Brian Hagedorn’s Past Pays Off … With $18,000 Campaign Contribution from Big Special Interest
Snags Big Check from Industry Lobby Group That Literally Wrote Rules on Judicial Recusal Adopted by His Former Boss
MADISON, Wis. — Brian Hagedorn’s work as a clerk for former Justice Michael Gableman looks like it’s paying off for his own campaign for the state Supreme Court. According to a filing with the Elections Board, the special interest group the Wisconsin Realtors Association PAC larded Hagedorn’s campaign with an $18,000 contribution on January 25, 2019. In 2010 Hagedorn’s former employer Justice Gableman was the deciding vote to adopt, verbatim, a rule change written by the Realtors Association to allow justices to hear cases involving large campaign contributors.
“Brian Hagedorn’s boss was the deciding vote to adopt, word for word, a rule change on judicial recusal written by the same special interest group that just wrote his campaign an $18,000 check,” commented One Wisconsin Now Research Director Joanna Beilman-Dulin. “It sure looks like Brian Hagedorn is set to follow in the footsteps of his former boss.”
Before moving to the office of then Gov. Scott Walker, Hagedorn was a clerk for state Supreme Court Justice Michael Gableman, one of the most controversial members of the high court in recent history. Gableman was elected after running a false, racist ad that was the subject of Wisconsin Judicial Commission complaint.
On the court Gableman consistently sided with the special interests that funded his campaigns, including his casting of the deciding vote to adopt a change to state “recusal rules”, literally written by special interests, about when or if judges should not hear cases involving large campaign contributors or groups that spent money to boost their campaigns.
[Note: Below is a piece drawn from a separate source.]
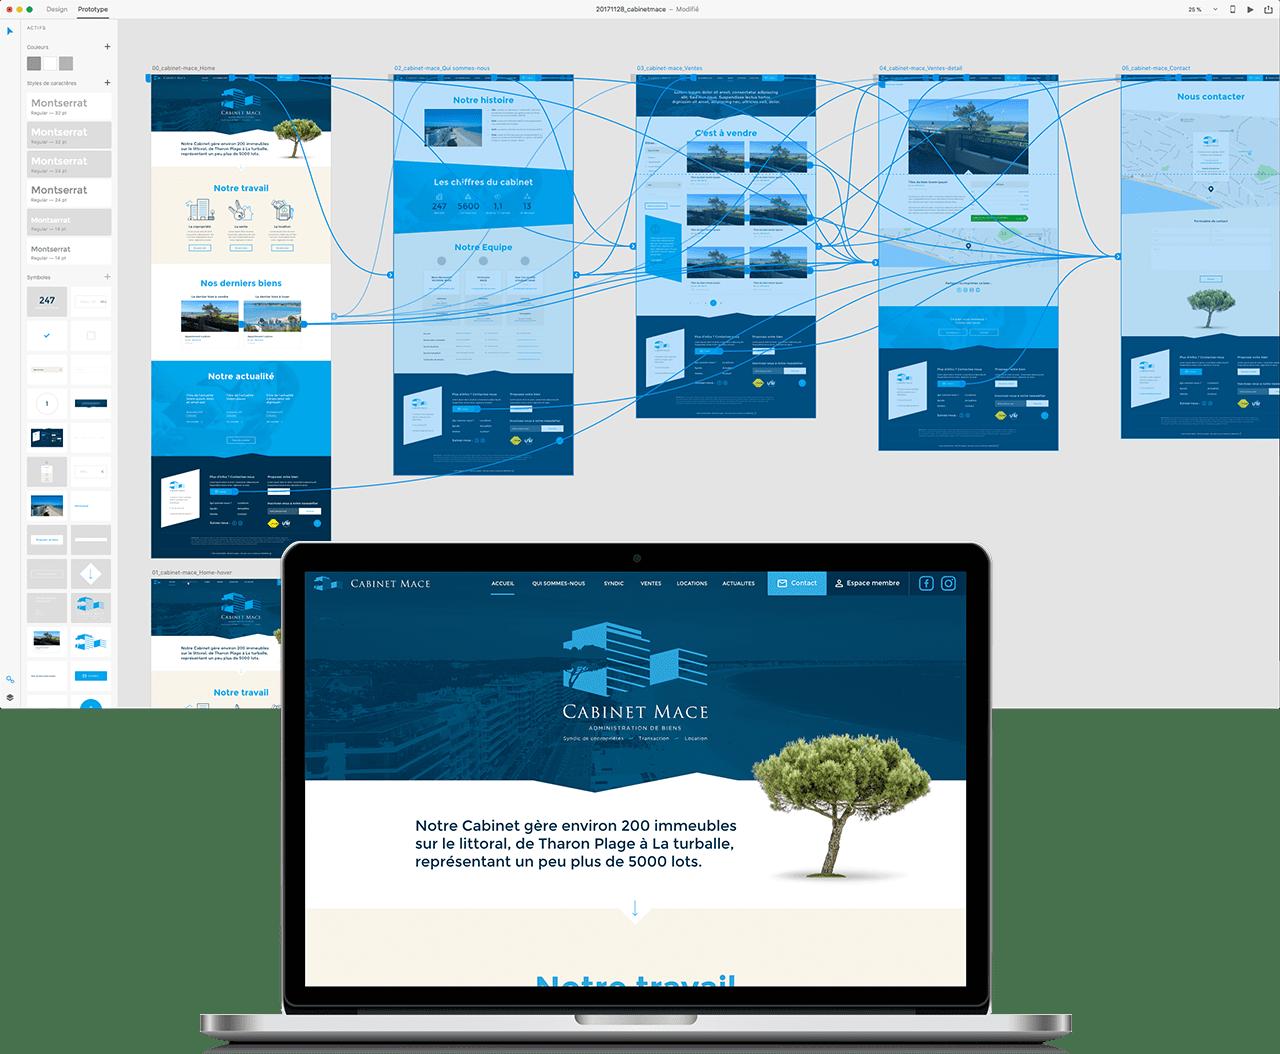 Image des étapes de conception ergonomique du site web étude de cas cabinet macé

A subsequent effort launched by 54 retired judges from across the state and the political spectrum called on the Wisconsin Supreme Court to reconsider the rules on judicial recusal, including those changes written by the Wisconsin Realtors Association. The judges supporting reform noted how important it is for our courts to be free from corruption, or even the appearance of corruption.
They argued that setting objective rules on recusals in cases involving groups or people that spent significant sums to help elect judges sends an important message to Wisconsin regarding our justice system. Their efforts were rebuffed by the conservative court majority, including Gableman.